There are many wonderful restaurants in New Orleans. My first food epiphany occurred in New Orleans. I was newly married and we traveled there to a conference that my husband was attending. Our friends, John and Georgia, who were also attending the conference, had heard of a small restaurant that was supposed to have great food. We traveled across a bridge to reach it. I wish I could remember its name. It is long gone now. We just called our old friends and they remembered the name. It was called La Ruth’s. Thank goodness for friends whose minds are still sharp. There were only 30 seats but La Ruth’s was always busy. Both David and I ordered Trout Meuniere. Even today I can remember the taste of the buttery lemon flavored fish. I think that was the beginning of my understanding that food could be a transporting experience. We both still talk about that meal and have tried to duplicate the experience. We are still working on it. But sometimes there is only one first time; impossible to recapture. I wonder if Julia Child ever duplicated her first experience with Sole Meuniere.
Today New Orleans is home to many culinary legends. Among them is John Besh, a native son of Southern Louisianna. He has nine restaurants. Among them is La Provence in Lacombe, just outside of New Orleans. Set on picturesque grounds with an extensive kitchen garden, La Provence looks like a typical Provencal auberge. The stucco, tiled roof restaurant features an antique French bar, a huge stucco fireplace and oak beamed ceilings. It has a sophisticated menu of French and Cajun inspired dishes. But the closest thing you can find to Jambalaya would be a Quail Gumbo. Nonetheless the recipe that I am featuring today is a John Besh jambalaya that was featured in People magazine of all places.
I must give credit where credit is due. David found this recipe, bought the ingredients and cooked it. He is still smarting over the fact that I never mentioned that he made the Braised Short Ribs that we had at Christmas. Jambalaya is a Louisiana Creole dish with Spanish and French influences. Meats and seafood cooked with rice is reminiscent of the Spanish paella. The Provencal word Jambon, meaning ham, is more than likely the basis of the word’s origin. David included both chicken and pork in this dish, along with andouille sausage and shrimp. It was delicious.
It is good straight out of the pot. But I “fancied up” the presentation a bit. I saved some of the shrimp, sausages and sauce separately. After the jambalaya was done I placed a serving of it in a round bowl, packed it down and then inverted it into an individual serving bowl. I surrounded it with sauce and sausage pieces and placed three shrimp on the top. I sprinkled it with snipped chives for a little color.

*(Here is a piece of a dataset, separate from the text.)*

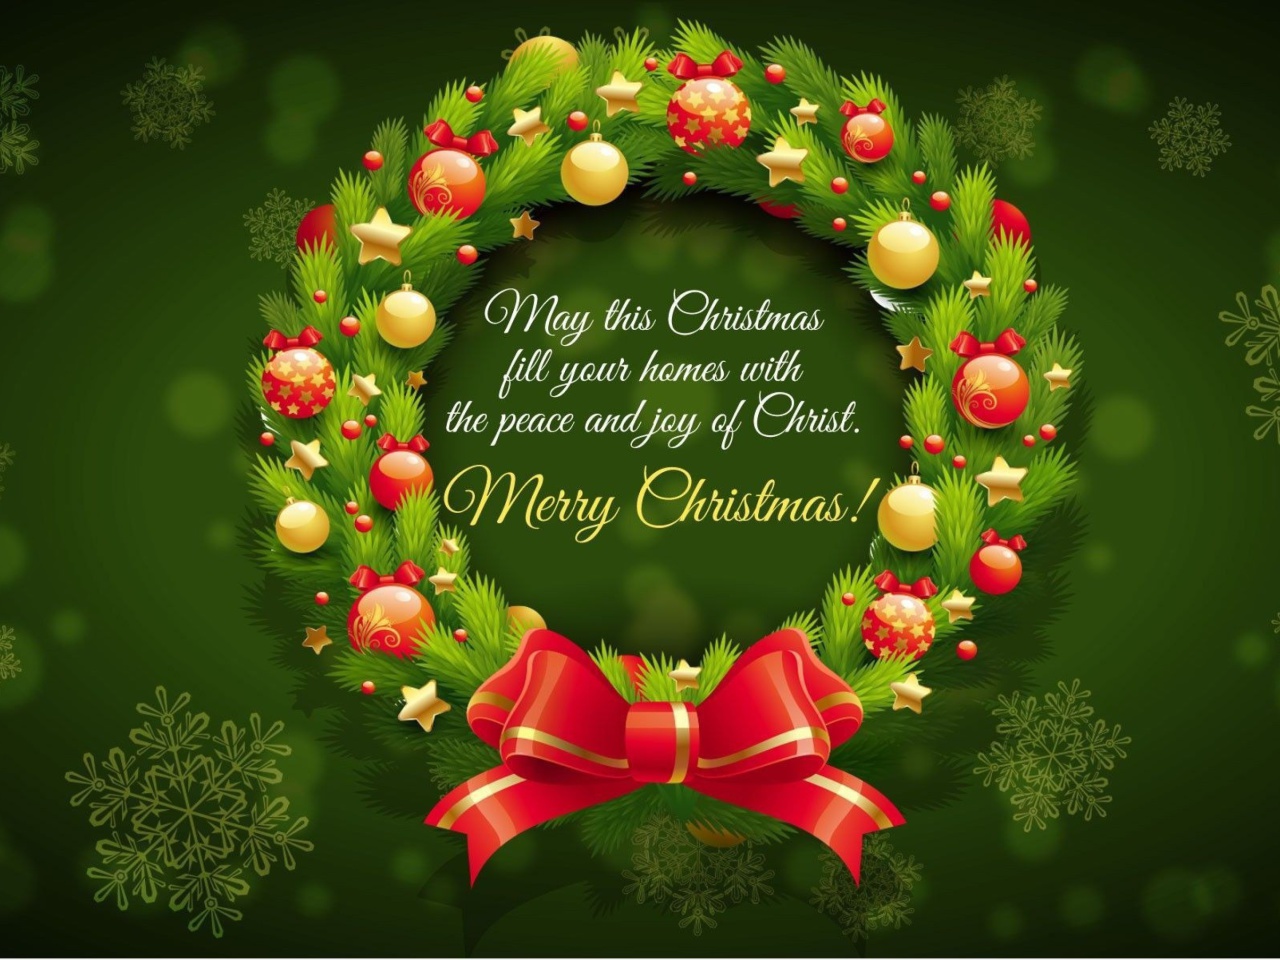 Merry Christmas 25 December SMS Wish wallpaper 1280x960
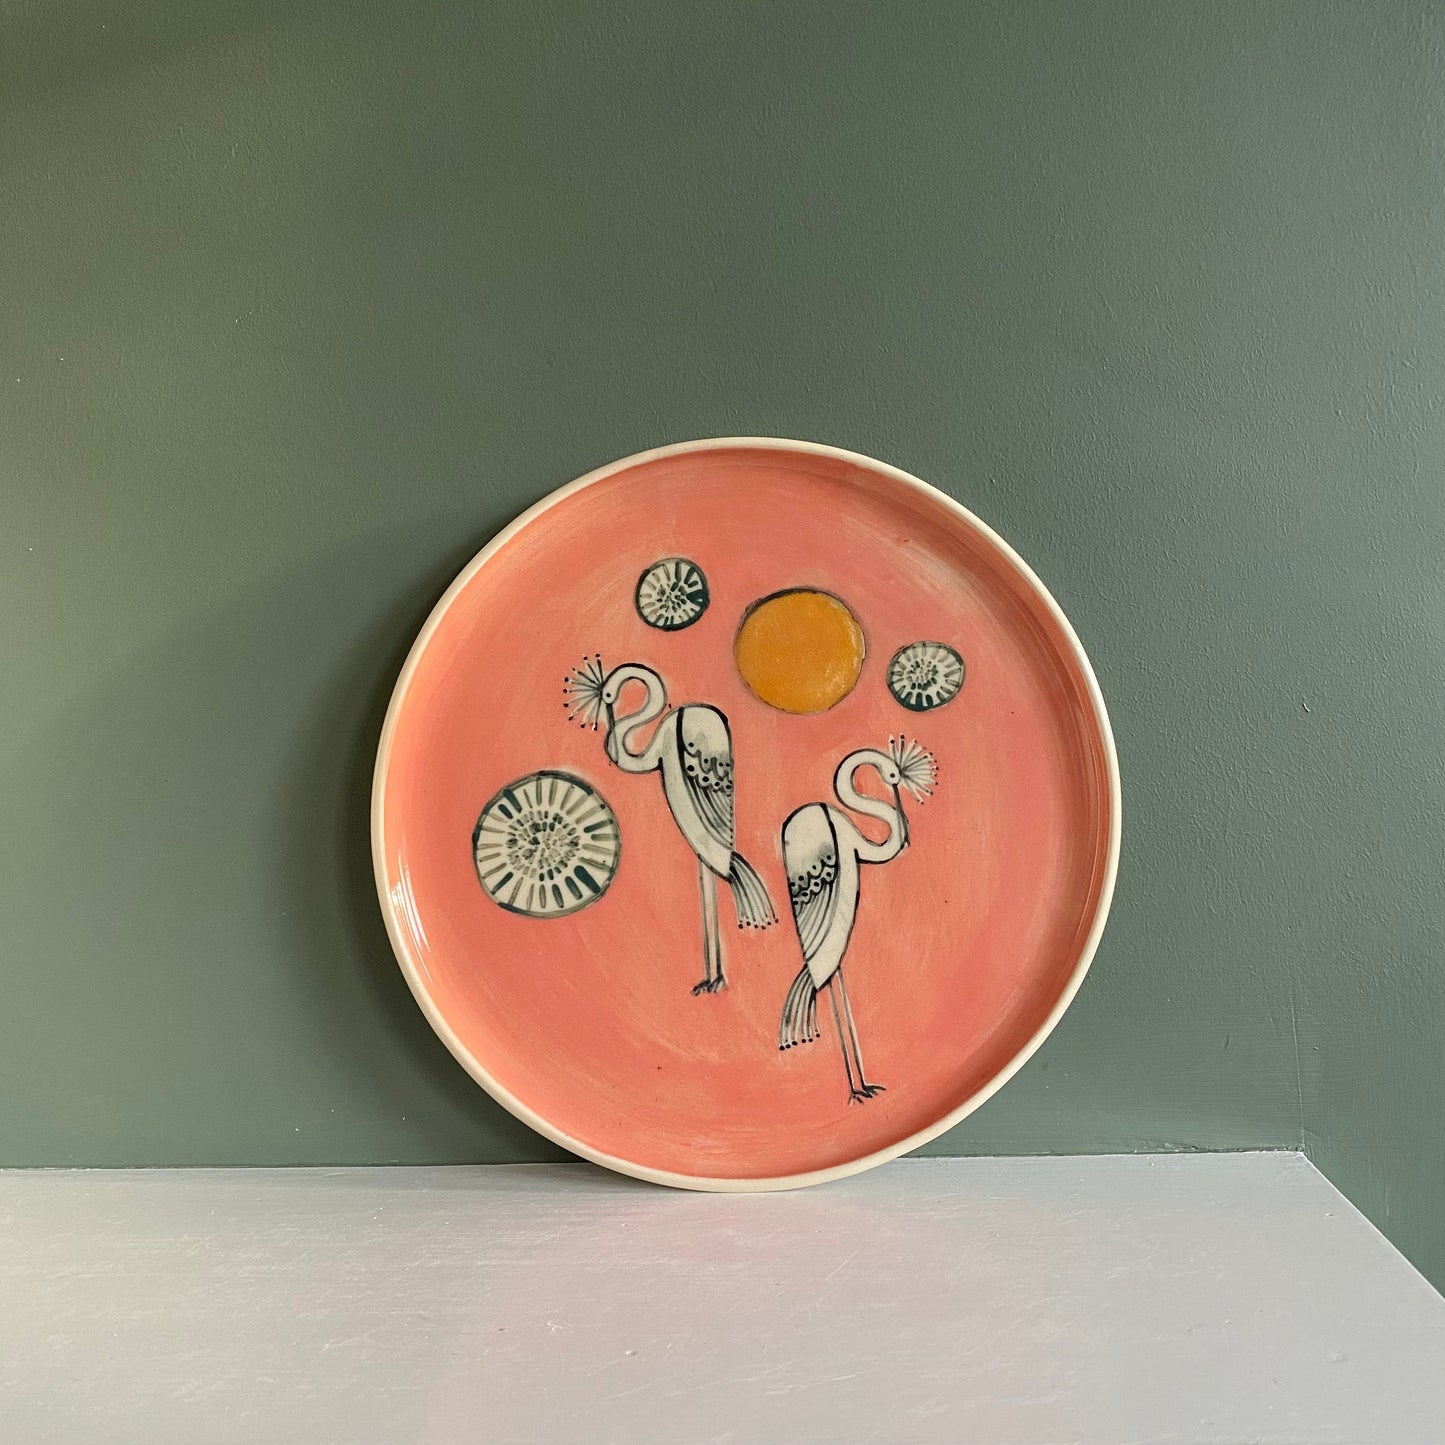 Crane illustrated pink and yellow plate, white stoneware dish

This makes a lot so it is good for company.
JAMBALAYA (Adapted from John Besh)
3 slices of bacon, diced
1 onion, diced
1/2 green pepper, diced
1 stalk celery, diced
1 lb andouille sausage, sliced
3 cups uncooked, converted Louisiana white rice
1 tsp smoked paprika
1 tsp. dried thyme
1/2-1 tsp. crushed red pepper flakes
5 cups chicken broth
1 cup tomato sauce (I used Rao’s Marinara sauce)
1/2 pound peeled and deveined shrimp (More for presentation)
2 cups diced cooked pork and chicken
3 green onions, chopped
Salt
Hot sauce
In a large, heavy-bottomed pot, cook bacon over medium-high heat until fat is rendered, about 3 minutes. Add onions, stirring often until browned. Add green pepper, celery and sausage; cook, stirring often, 3 minutes longer. Add rice, paprika, thyme and red pepper flakes.
Add chicken broth, tomato sauce, pork, chicken and green onions; bring to a boil, stirring well. Reduce heat, cover and simmer 18 minutes until rice is done. (Add shrimp after rice has cooked for about 5 minutes into the process.) Remove from heat. Seasons with salt and hot sauce.